Cache queries or tables
When doing data transformations you may need to query the database in an abnormal way. For example, during data migration, we needed to query our NoSQL database with a key that is not indexed. In our NoSQL database, queries with non-indexed keys lead to full-table scan for each query. These full-table scans dramatically reduce your migration speed, and induces high CPU load for the database machines. One easy solution is to talk with the Ops team about indexing keys. If such indexing degrades production performance, you should consider caching the queries if it is repeatedly called or caching the table into memory.

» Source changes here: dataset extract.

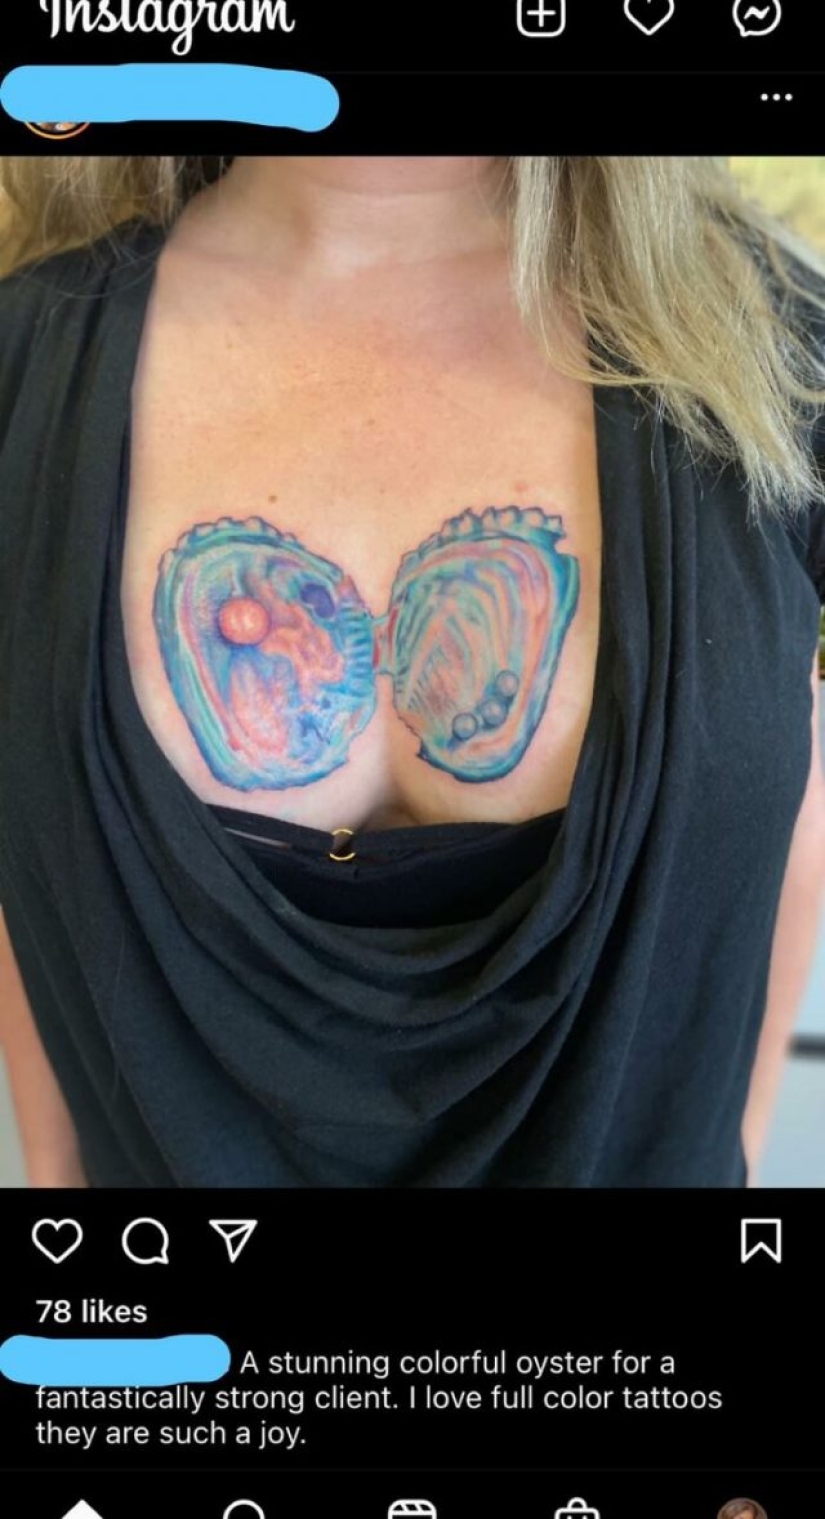 10 Times People Didn't Even Realize How Awful Their Tattoos Are

During our migration job, we cached several tables in memory in Spark. This approach enables us to do data migrations with little impact on backend infrastructure.
Implement checkpointing whenever possible
If a migration job will be running for days or longer, it is important to implement a checkpointing mechanism in the migration job. When you encounter a service disruption (e.g. regular maintenance) on backend infrastructure, you may need to halt your job and restart your migration later. Having a checkpointing mechanism enables you to continue migration from the last checkpoint. Since we store metadata for validation purposes, we can also reuse the metadata for checkpointing.
We hope this helps you handle your massive data migrations! Let us know if you have any questions or need any help.